Intuitively, instead of dealing with the equivalence of any elements between two classes, we reduce the problem to the simpler one of dealing with the equivalence of the two classes’ representatives – see Fig. 3.

Fig. 3.
figure 3

Pattern Matching scheme for Equivalence classes [18].

The canonical set of a category of entities or events may be achieved by “flattening” its category sub-tree and computing the union set of all canonical sets of its descendant leaf entities. The process of obtaining the canonical representative of categories of entities or events is recursively computed [18, 20].

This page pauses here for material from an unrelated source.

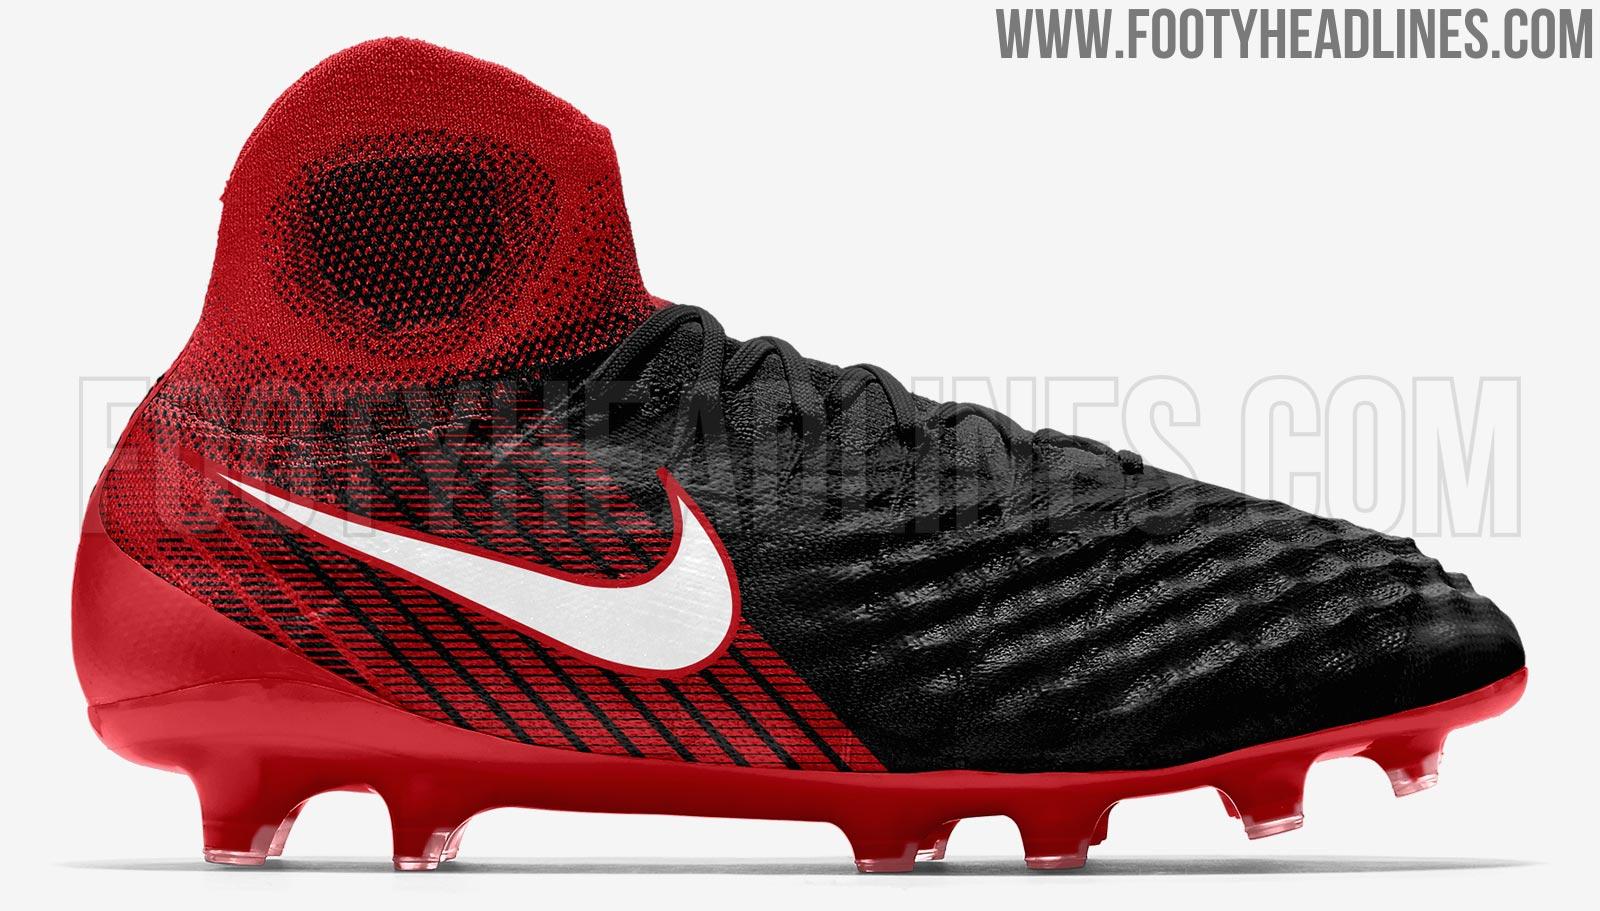 Pack Red Du 20172018 Fuite Exclusif Foot Chaussures Nike De afpn6wxq
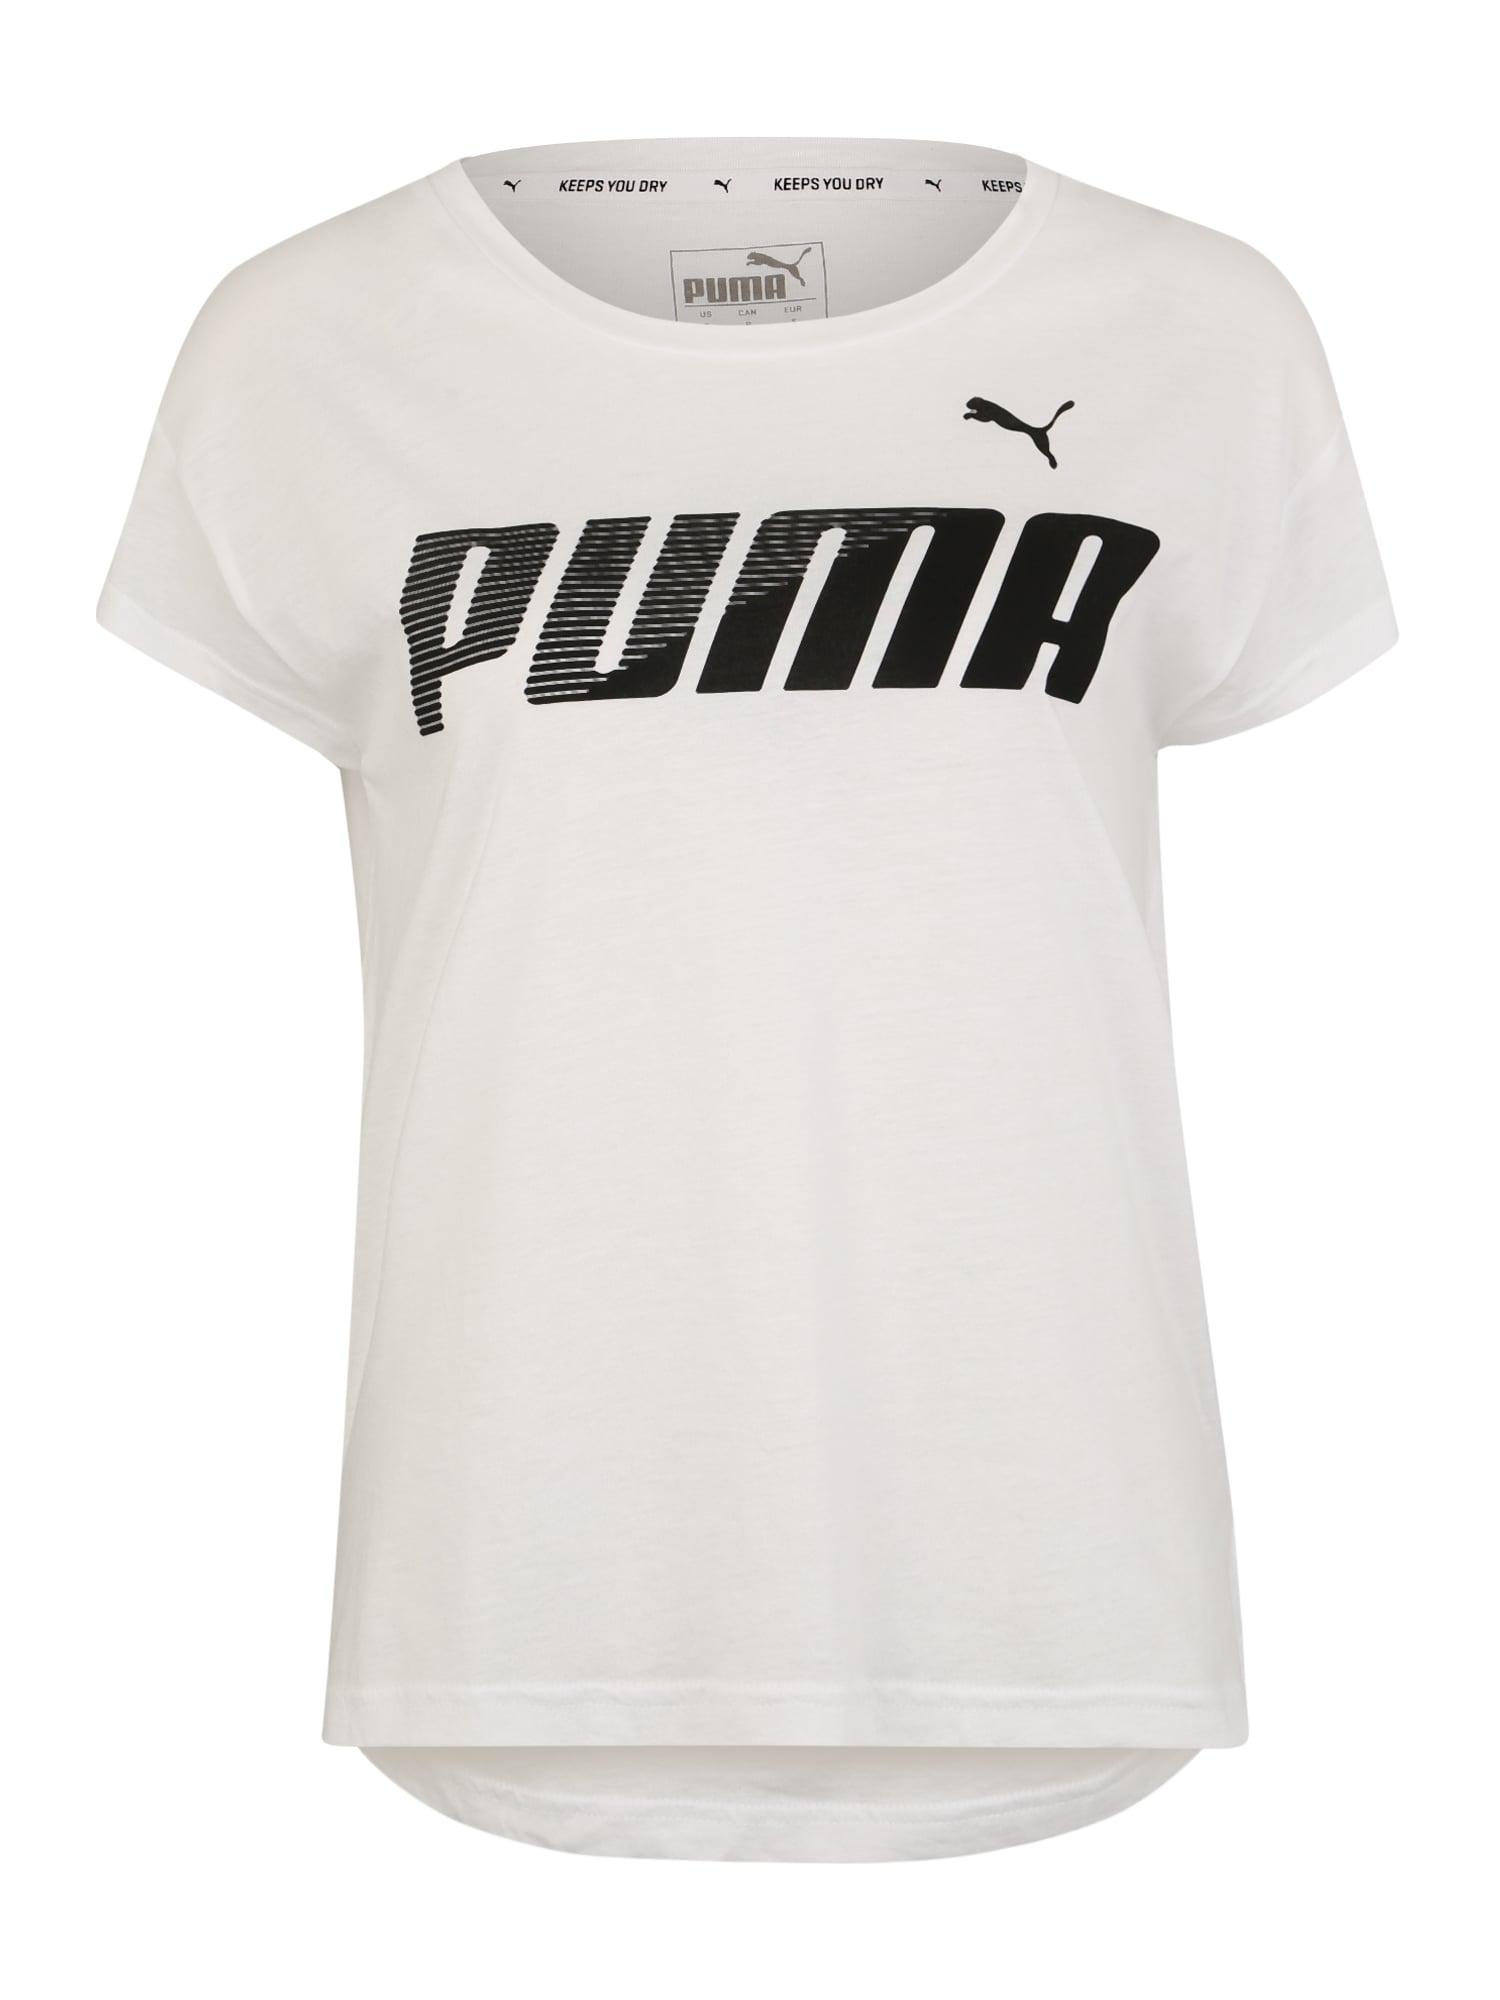 Sport-Shirt 'MODERN SPORT Graphic' | Sportbekleidung > Sportshirts > T-Shirts | Puma

2.4 Principles for Building Associations and Running Equivalence Algorithm

We have previously addresses the topic of building the cloud database representation in [18, 19]. Within this section, we describe the way in which we can use a canonical for in order to perform associations within the database that is processed.

Let us suppose that in the database we have S1 and S2 equivalent sets of data with the canonical representation S and S2 and S3 equivalent sets of data that have also been mapped into the same canonical representation S, then sets S1 and S3 do not have to be further checked if they are equivalent, since they have the same canonical representative S. The mapping and equivalence association scheme is graphically represented in Fig. 4 [18].

Fig. 4.
figure 4

Building the associations with the canonical representation

Instead of using specific instances that exist on each attributes, equivalence algorithms allow to combine detailed cases on to several types of entities or events. The principles behind implementing equivalence algorithms on categories of entities [15, 16] may also be used to implement equivalence on categories of any types of information objects as entities, like customers or products, or events, like travels or purchases.

3 Conclusions

A project of knowledge discovery in databases is usually triggered by challenges or opportunities from the business environment and, to be truly effective, the business field must properly support and be supported by the information technology tools, based on the fundamental principle of business alignment with information [21, 22]. In fact, KDD projects are good examples of initiatives based on good business alignment with information technology, one of the major concerns of information technology managers in companies in recent years [23]. The equivalence algorithms and the canonical representation give the necessary flexibility to define new business concepts which can be used in order to capture more comprehensive knowledge, like enhanced association rules comparatively to the traditional approach.

The simplification and equivalence algorithms represent an opportunity of boosting business intelligence and analytics through an adequate process of knowledge discovery in databases. This paper presents a methodology to implement business intelligence and analytics solutions using the approach of knowledge discovery in databases processes and incorporating the advantages of canonical form representation and of the equivalence algorithms. Using the proposed methodology, the implementers of BI&A solutions may better prepare the data that will be used in the modelling phase and that supports the BI&A system.